During the late 1960s (1968–1970), the only Oldsmobile professionally made into a limousine was the Toronado, known as the American Quality Coach (AQC) Jetway 707, with the 707 moniker a nod to the Boeing 707. The 707 rode on six wheels, and was 28 ft long with a 185-inch wheelbase. To capitalize on the aircraft theme, the passengers each sat on individual bucket seats. Between 52 and 150 were believed to have been built. A black one can be seen in a traffic scene in the 1976 film All the President’s Men, a white one can be seen parked in the 1977 film Billy Jack Goes To Washington, and a gray convertible version can be seen in the 1978 film Sgt.
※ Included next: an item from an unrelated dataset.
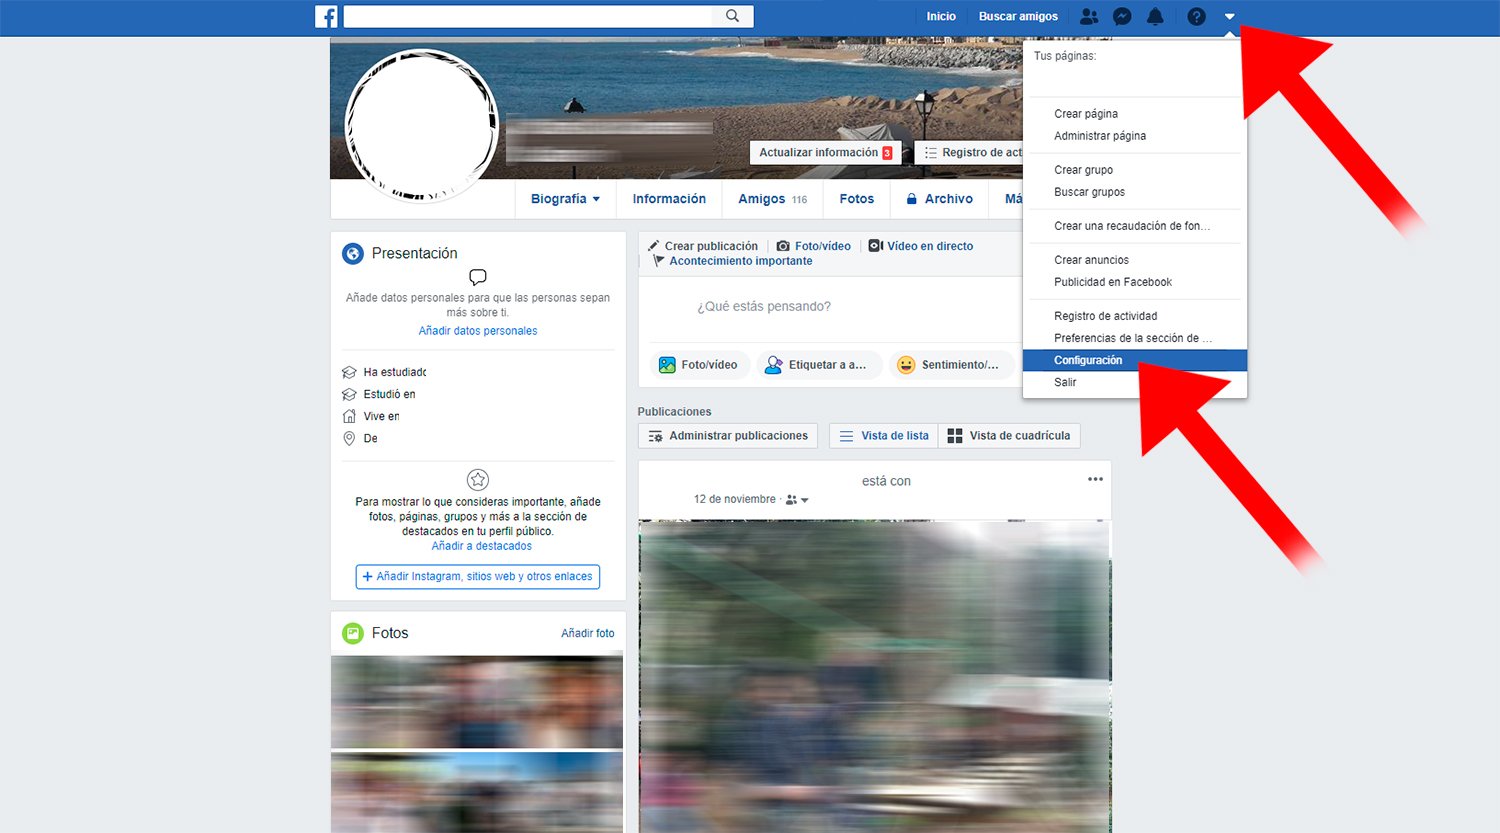 Facebook: Com eliminar el teu compte definitivament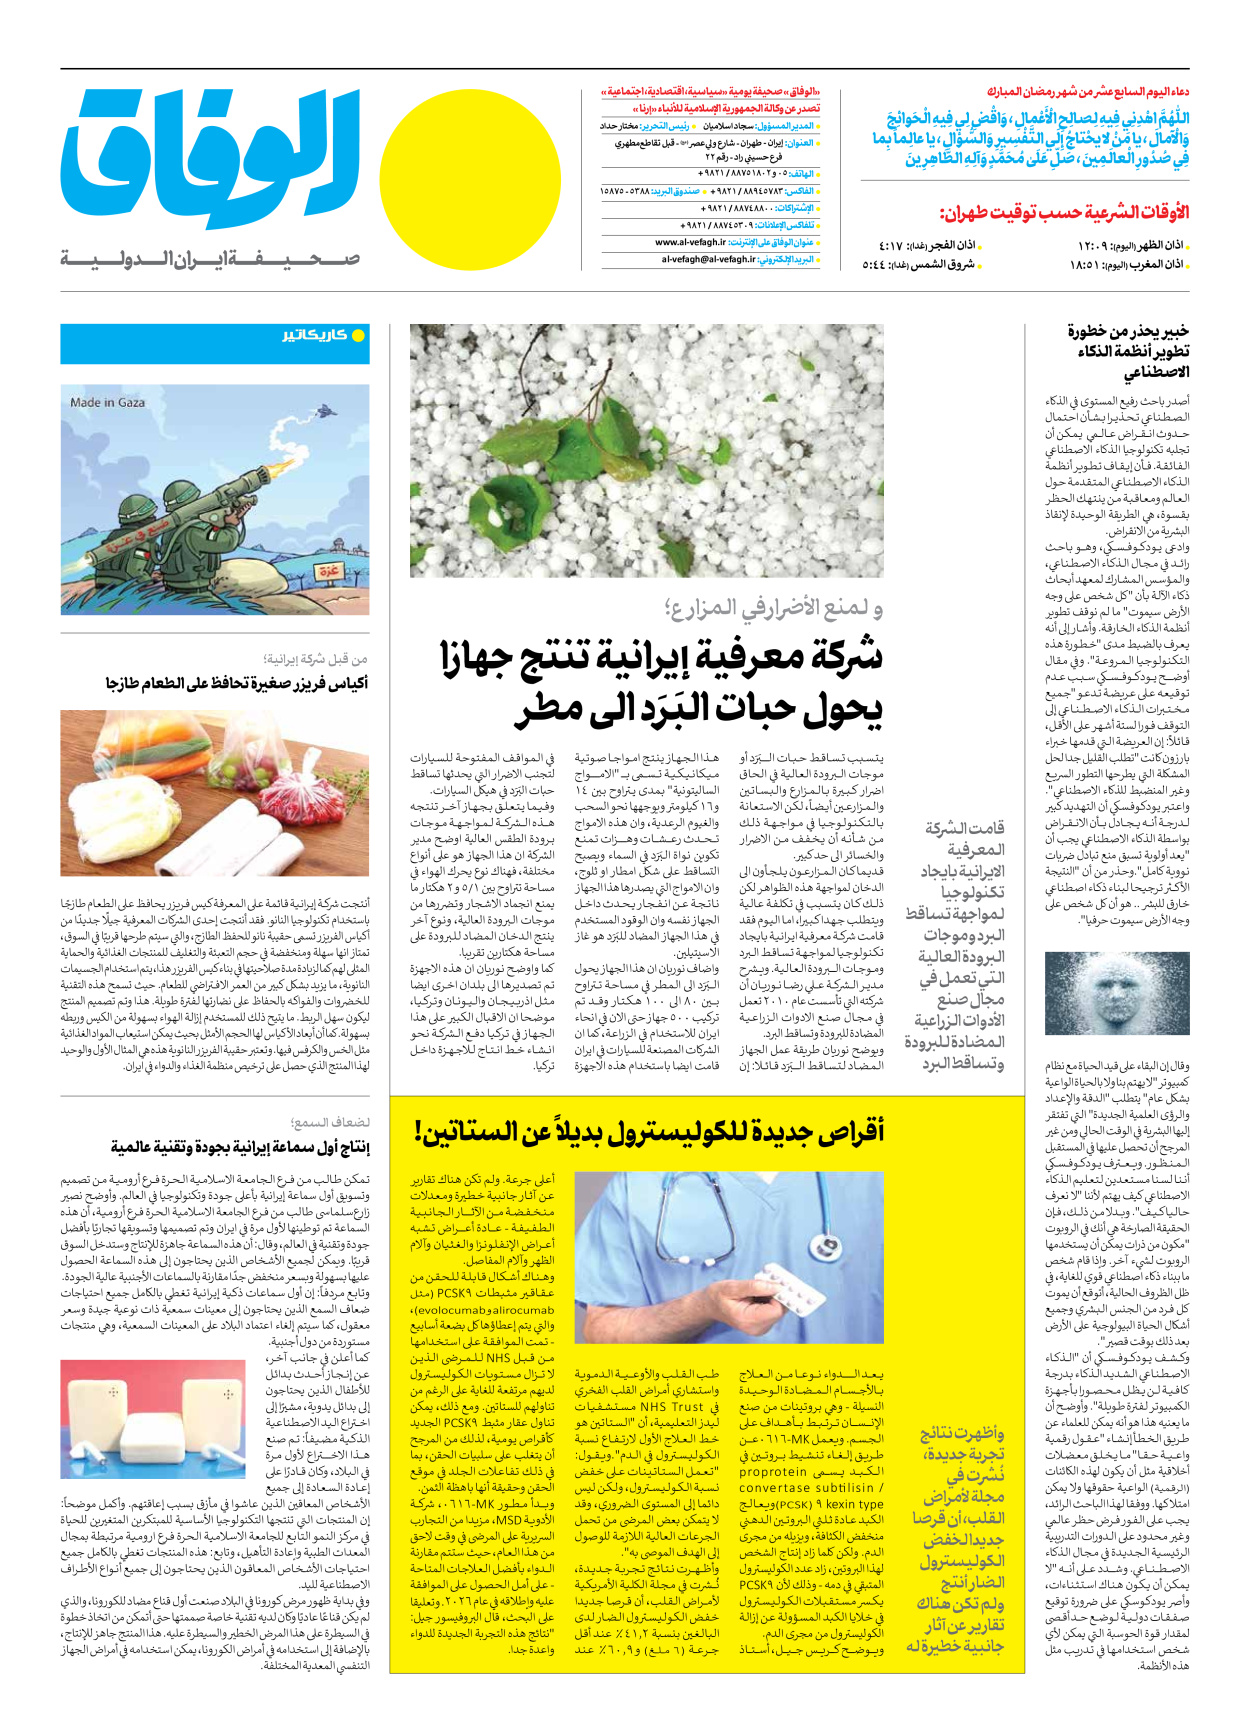 صحیفة ایران الدولیة الوفاق - العدد سبعة آلاف ومائتان وثمانية - ٠٨ أبريل ٢٠٢٣ - الصفحة ۱۲

Pepper's Lonely Hearts Club Band as one of the main vehicles.

===67 X===
The 67 X (also Toronado 67X, Esso 67X) is a Canadian-built automobile, based on the Toronado, that was designed and manufactured by automobile customizer George Barris for Canada's Expo 67, where they were raffled off in a contest sponsored by Esso. Only four of these vehicles were ever made, and they included swiveling seats, a sofa, and even a refrigeration unit. Commercials for the car were aired in the Stanley Cup Playoffs final game between the Montreal Canadiens and Toronto Maple Leafs. In April 2009, a 67 X came up for auction on eBay.